I have the below-processed data set and I want rows corresponding to times 9.15 - 9.20 for each day for about a month. The current data that I have is of each day for a whole month at 5-minute time intervals starting from 9.15 onwards.
Below is the dictionary format and also the pic of the data
[{'datetime': '2022-01-03 09:15:00',
'stock_code': 'NIFTY',
'exchange_code': 'NFO',
'product_type': 'Futures',
'expiry_date': '27-JAN-22',
'right': 'Others',
'strike_price': '0',
'open': '17443',
'high': '17509.8496',
'low': '17410.0508',
'close': '17506.8496',
'volume': '481550',
'open_interest': '10319300',
'count': 0},
{'datetime': '2022-01-03 09:20:00',
'stock_code': 'NIFTY',
'exchange_code': 'NFO',
'product_type': 'Futures',
'expiry_date': '27-JAN-22',
'right': 'Others',
'strike_price': '0',
'open': '17512',
'high': '17515',
'low': '17483.5996',
'close': '17483.5996',
'volume': '538550',
'open_interest': '10208300',
'count': 1},
I tried splitting the DateTime to Date and Time columns and then using .dt.date and .dt.minute to filter out the date. But it gives some error.
df['Dates'] = pd.to_datetime(df['datetime']).dt.date
df['Time'] = pd.to_datetime(df['datetime']).dt.time
df
time_mask = (df['Time'].dt.hour == 9) & ((df['Time'].dt.minute >= 15) & (df['Time'].dt.minute <= 20))
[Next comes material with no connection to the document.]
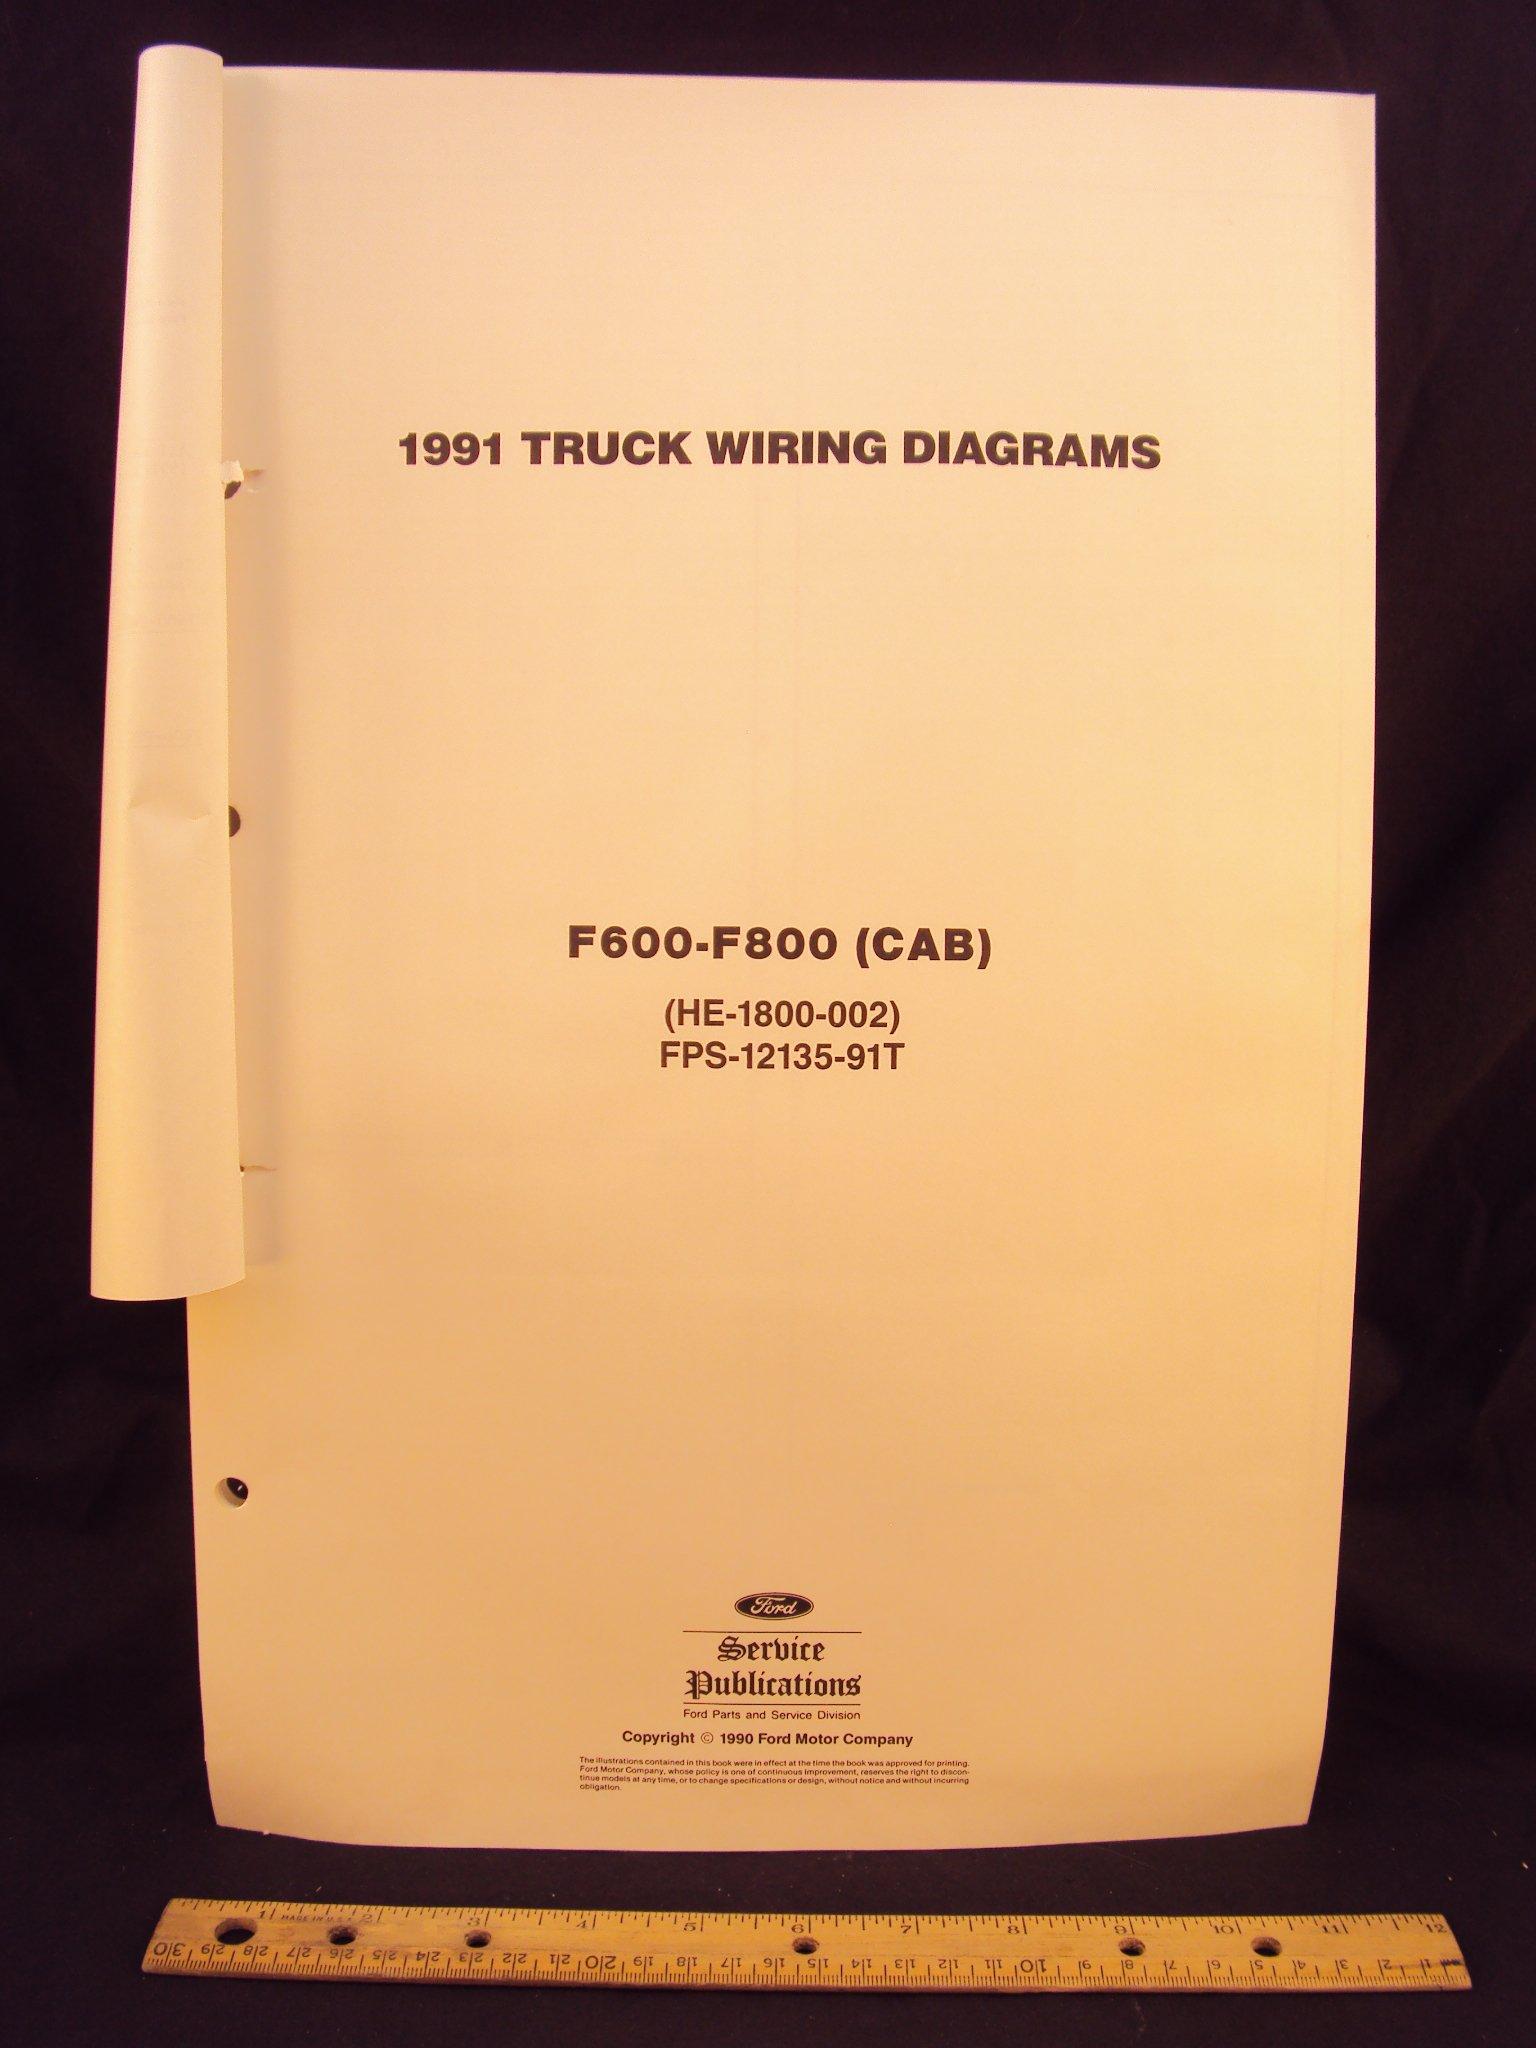 1991 ford f600 f700 f800 series cab truck electrical wiring 1991 ford f600 f700 f800 series cab truck electrical wiring diagrams schematics loose leaf 1 1990

but am getting error Can only use .dt accessor with datetimelike values. I tried googling it but couldn't get the exact solution to solve it.
Thanks!!
EDIT: Now rows which have time 9.15-9.20 is getting rendered as
hour = pd.to_datetime(df['datetime']).dt.hour
minute = pd.to_datetime(df['datetime']).dt.minute
time_mask = hour.eq(9) & minute.between(15,20)
time_mask
On using the above code as pointed in the description. Now how to sort the rows based on the time_mask == true values. I tried
rslt_df = df(time_mask==True)
rslt_df
but seems df is not a callable object. Is there any other way to proceed?
CodePudding user response:
The issue is you're calling dt
twice in a row. When you do df['Time'].dt.hour
in your time_mask
you're really doing pd.to_datetime(df['datetime']).dt.time.dt.hour
because of how you defined df['Time']
. Runing the dt.time.dt.hour
above results in your same error.
You can directly access the hour and minute values and you don't have to save them as columns in your table. You can also use eq
as a replacement for ==
and between
to simplify your logic
hour = pd.to_datetime(df['datetime']).dt.hour
minute = pd.to_datetime(df['datetime']).dt.minute
time_mask = hour.eq(9) & minute.between(15,20)